> _DATASET SECTION_:
######

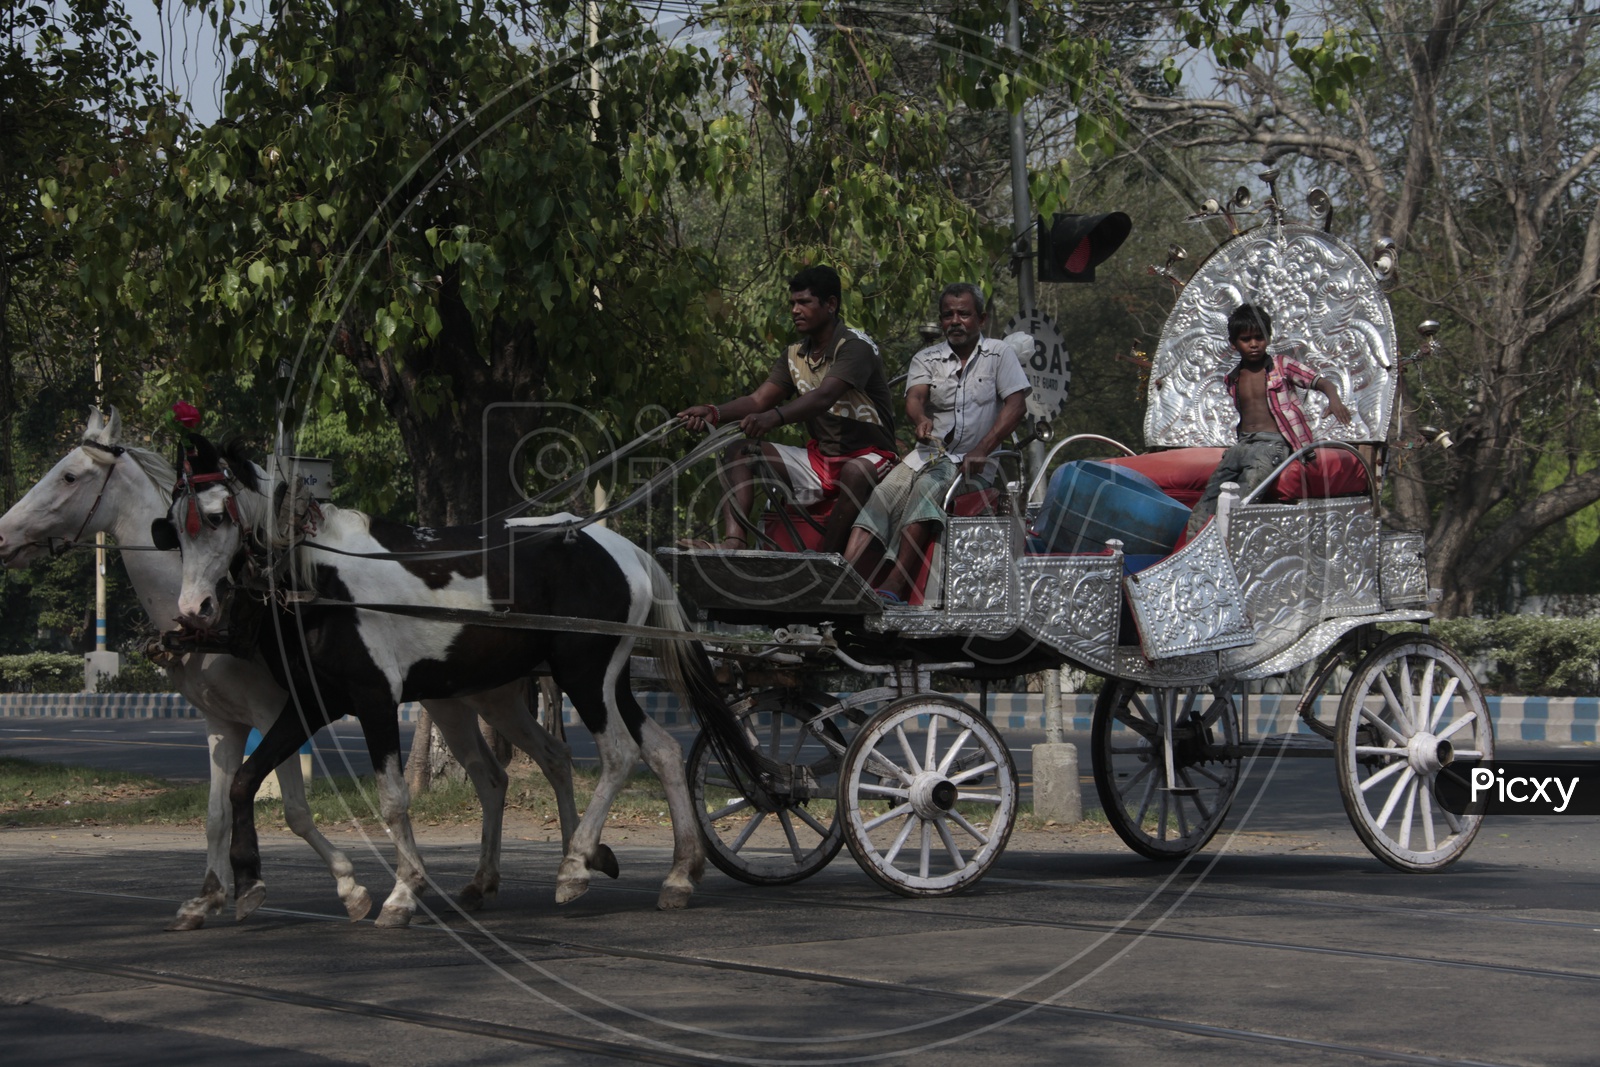 Indian Men riding a Chariot
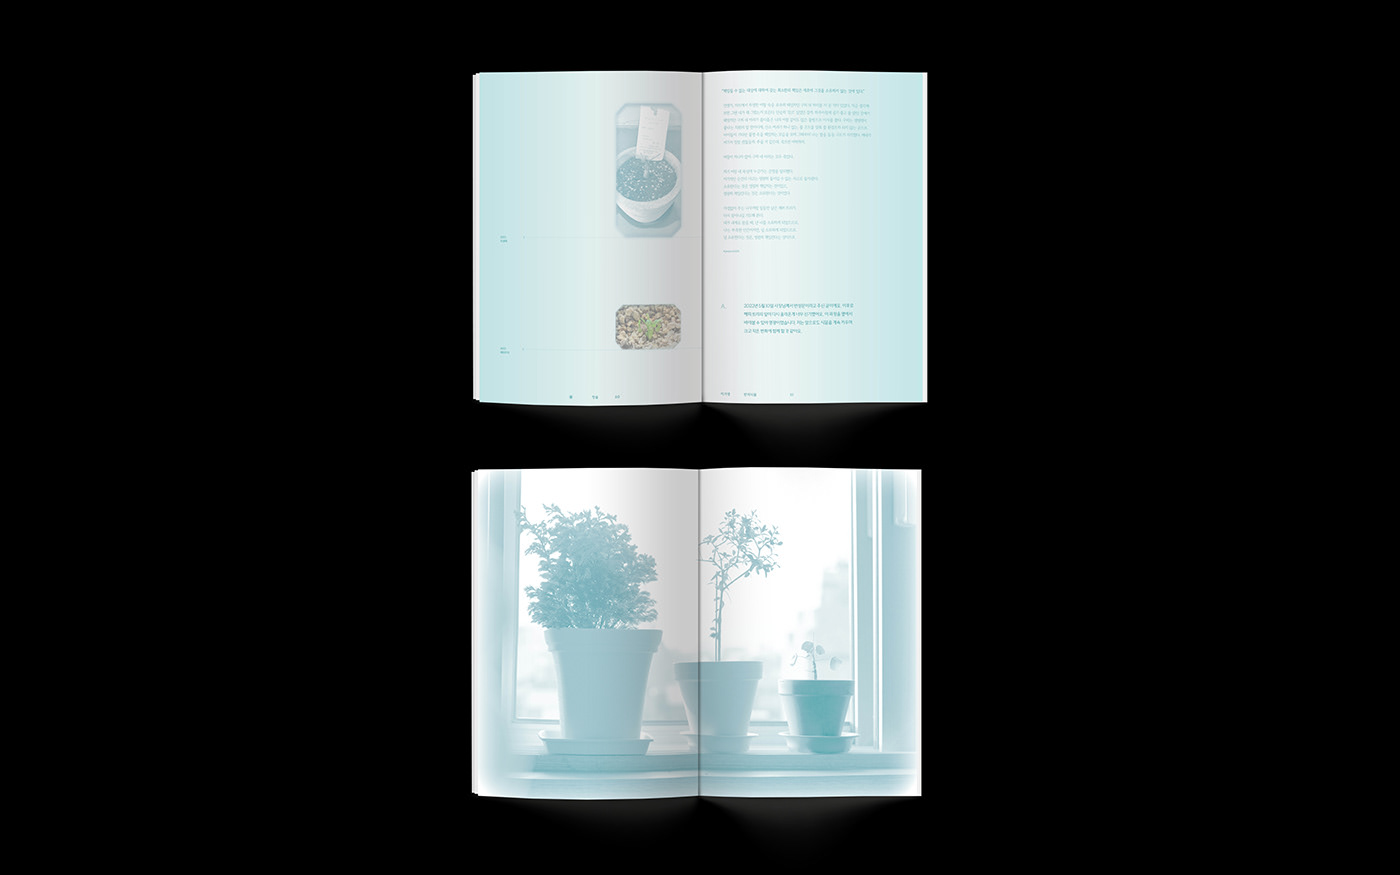 digitalpublishing interview hknudesign 소나무 book design 편집디자인 북디자인 InDesign
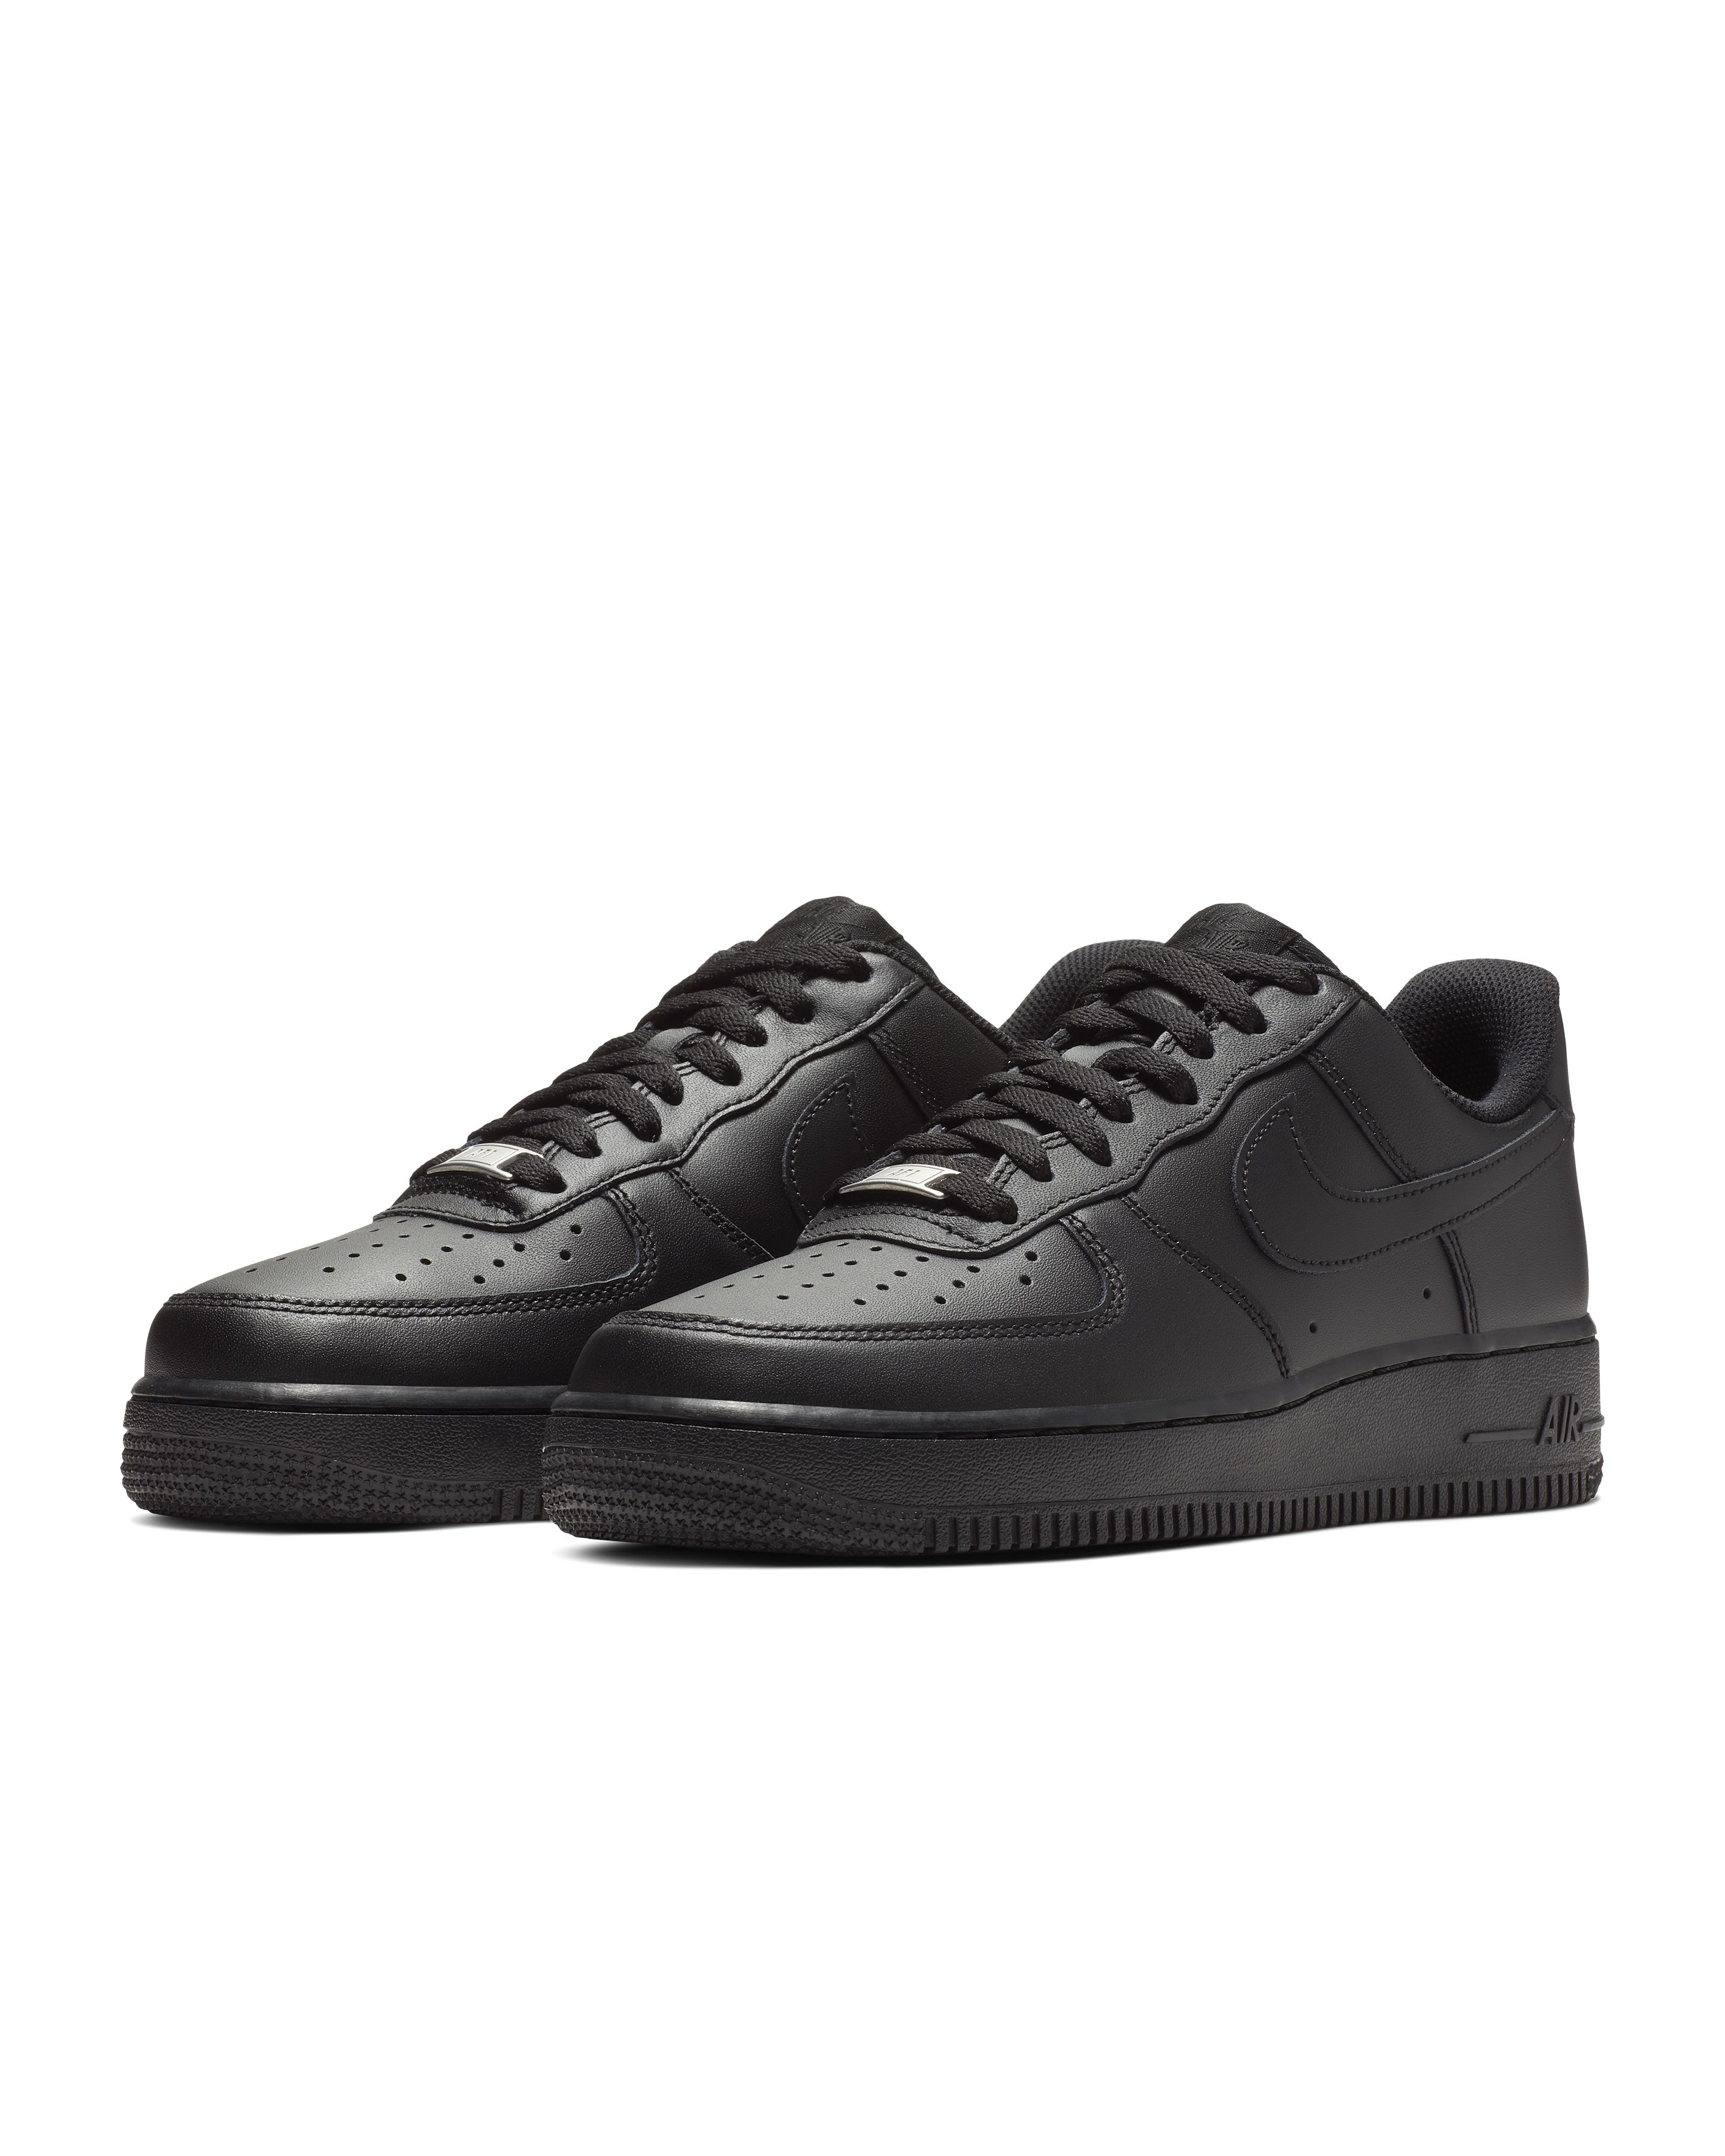 Hailey Baldwin's in Nike Air Force 1 Sneakers, Maison Margiela Pants –  Footwear News

######

> _AIM OF THE TASK_:
Everything in the material must be duplicated exactly, except the pictures.

> _EXPECTED ANSWER_:
 Indian Men riding a Chariot
 digitalpublishing interview hknudesign 소나무 book design 편집디자인 북디자인 InDesign
 Hailey Baldwin's in Nike Air Force 1 Sneakers, Maison Margiela Pants –  Footwear News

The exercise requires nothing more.